- WORK ORDER
When you copy the material below, keep every line exact and drop the pictures.

- DATA EXTRACT

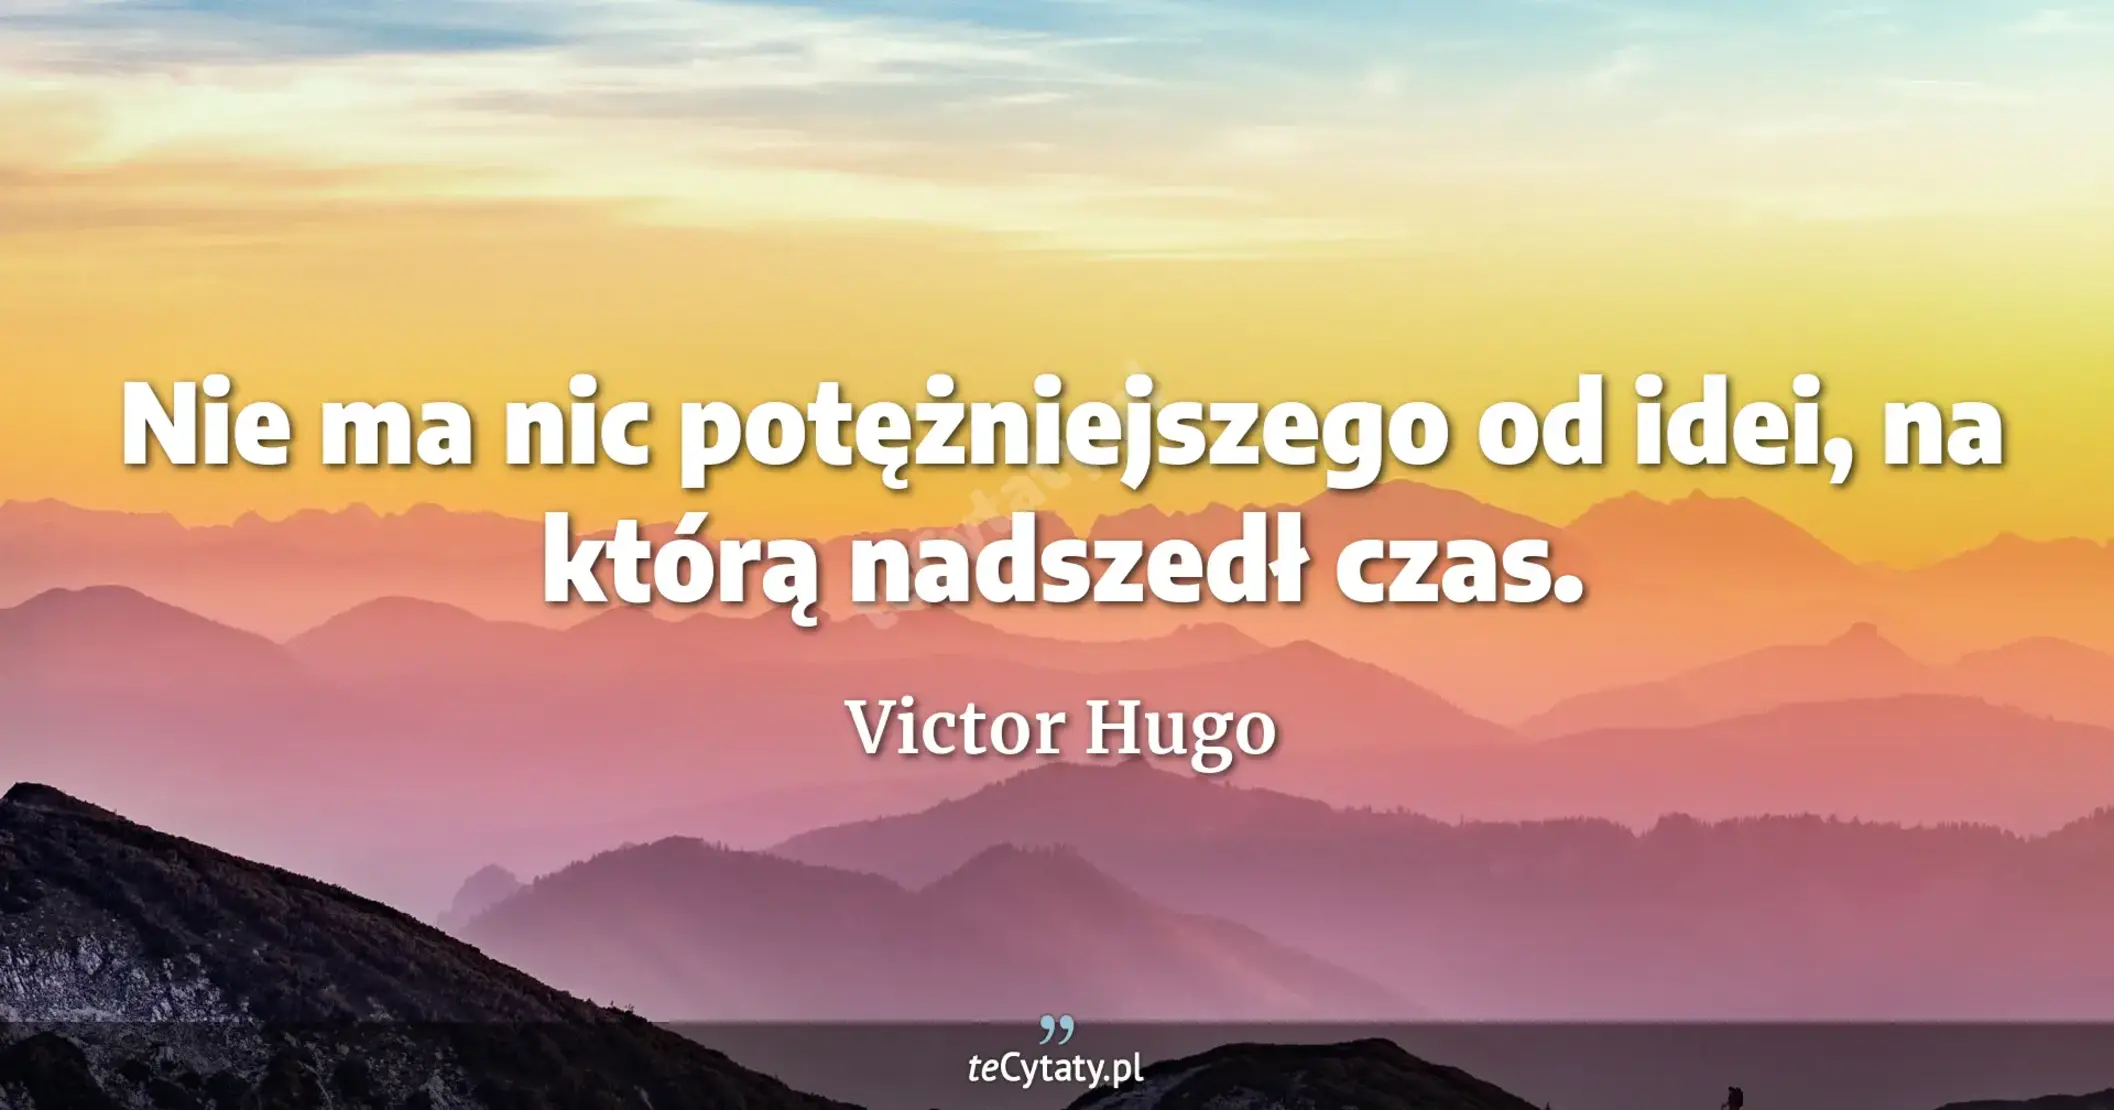 Nie ma nic potężniejszego od idei, na którą nadszedł czas. - Victor Hugo
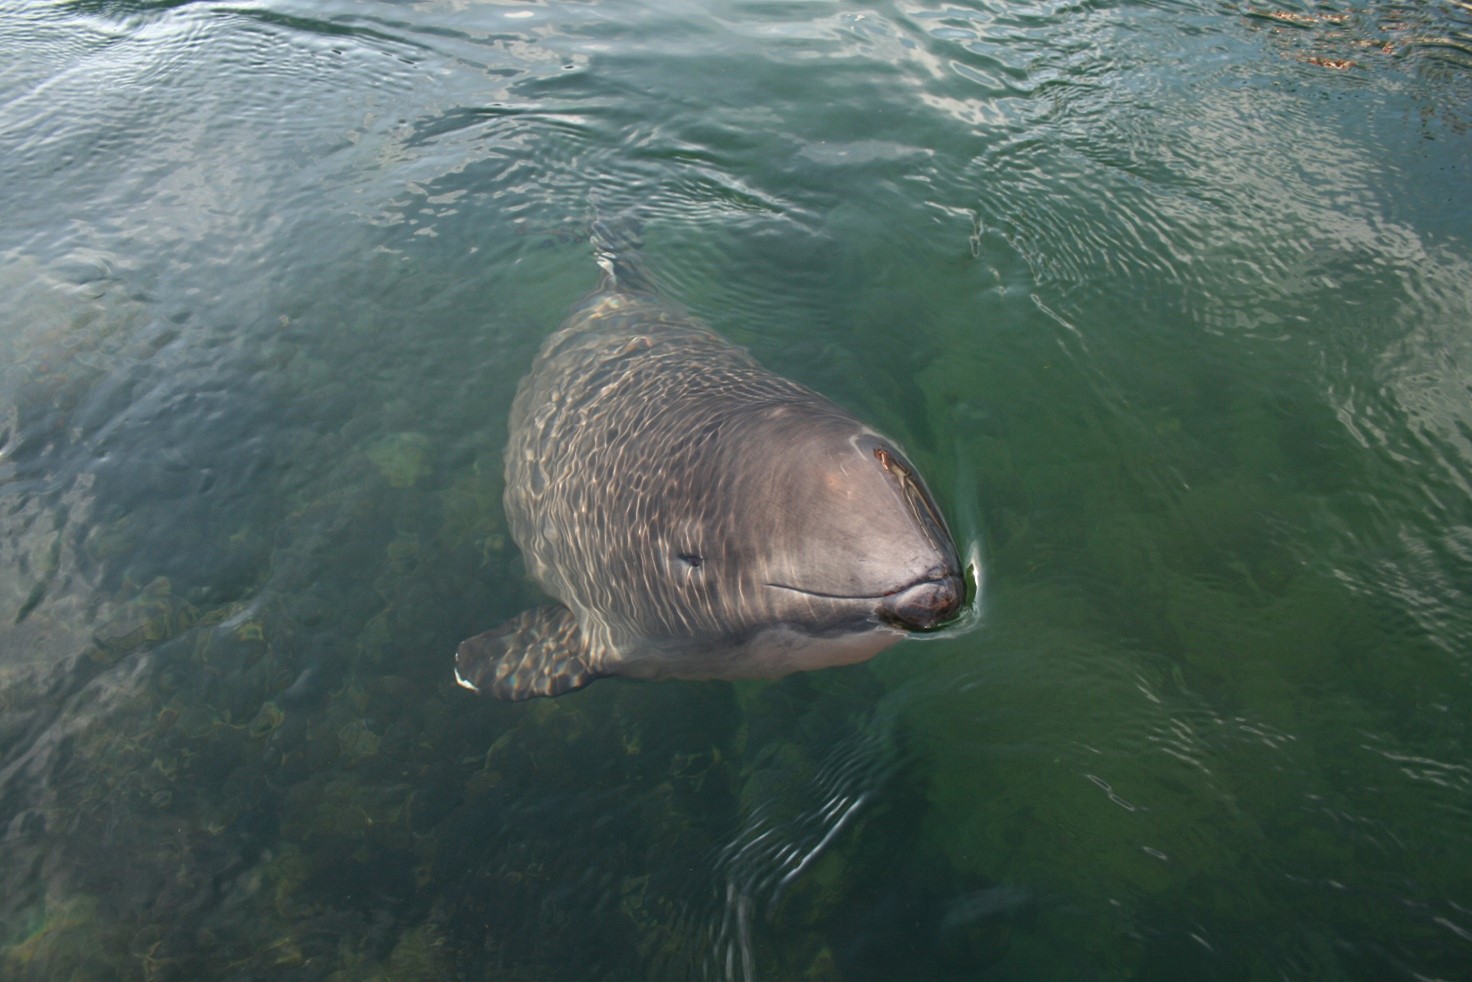 Godt nyt: Truet marsvin bliver bedre beskyttet i Østersøen
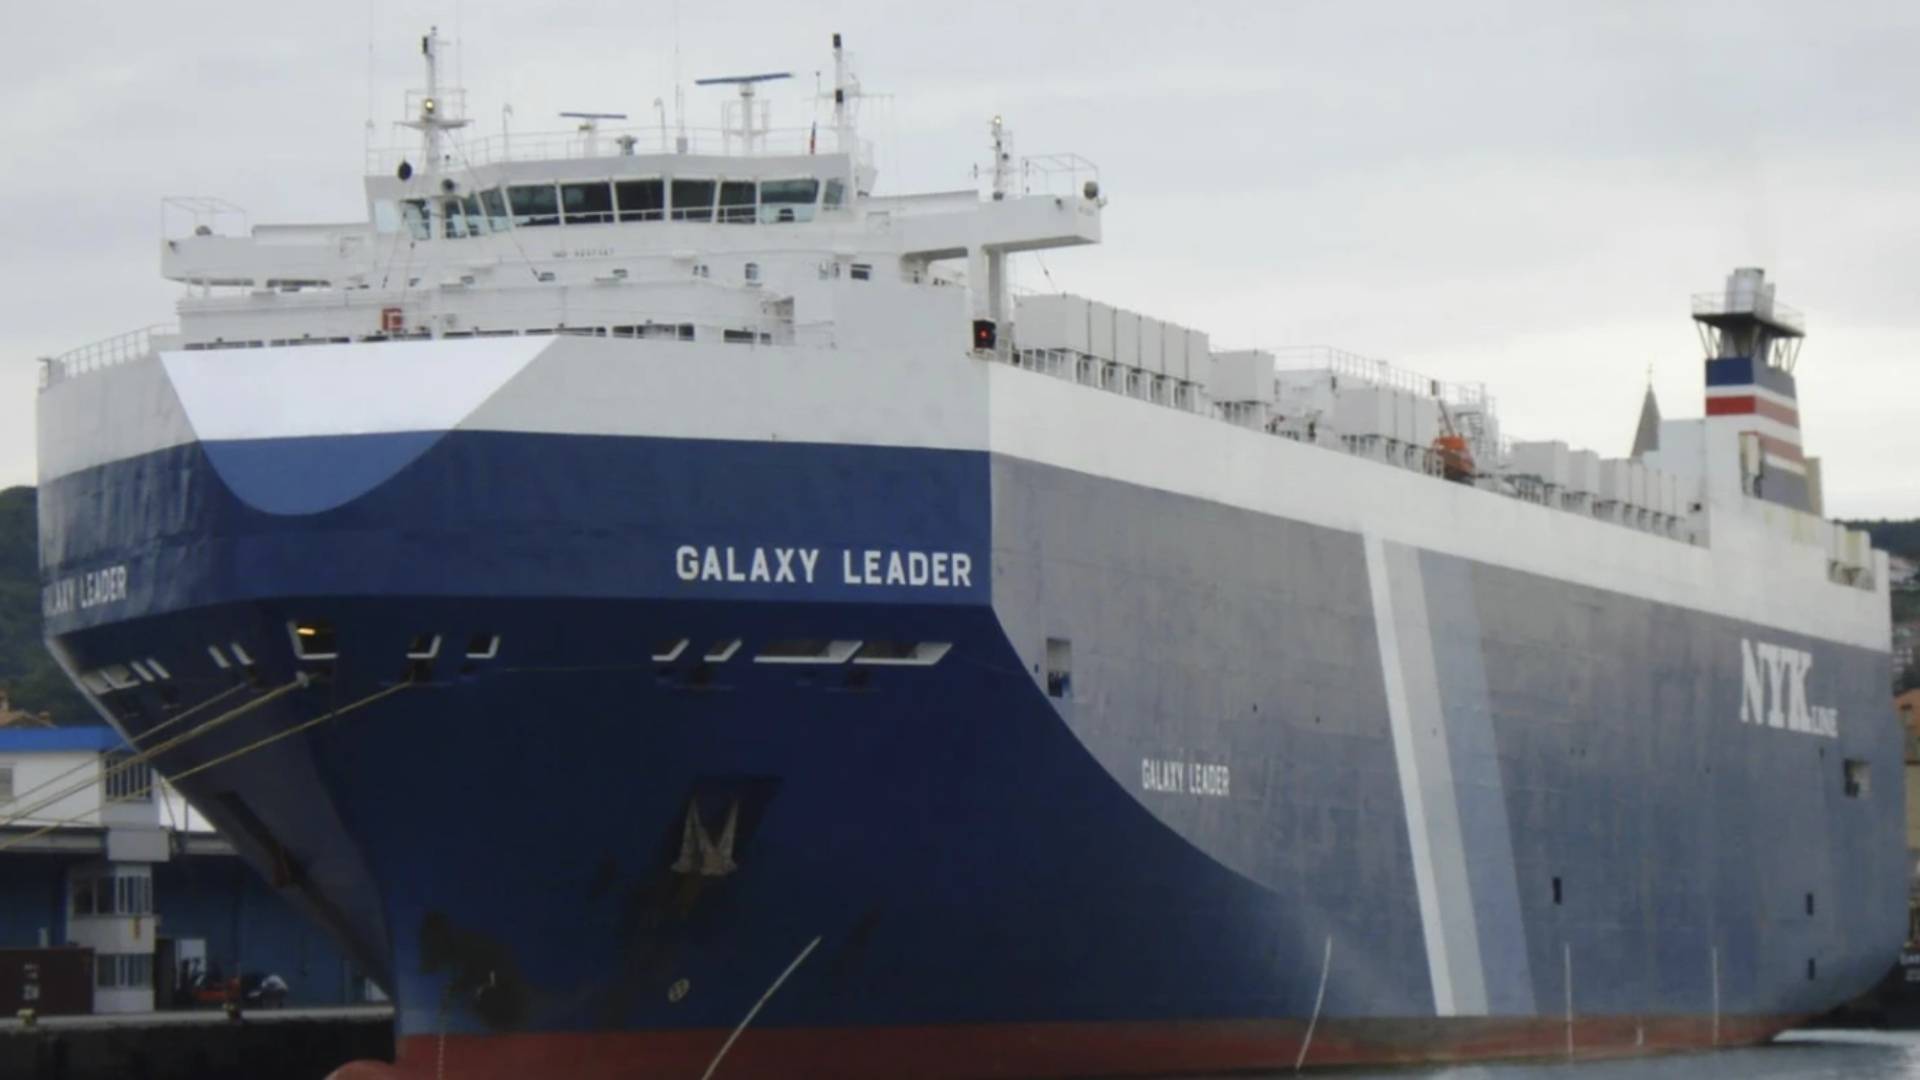 Captura del carguero 'Galaxy Leader' en una operación militar realizada en el Mar Rojo

- PROBLEM SOLUTION
 Nie ma nic potężniejszego od idei, na którą nadszedł czas. - Victor Hugo
 Godt nyt: Truet marsvin bliver bedre beskyttet i Østersøen
 Captura del carguero 'Galaxy Leader' en una operación militar realizada en el Mar Rojo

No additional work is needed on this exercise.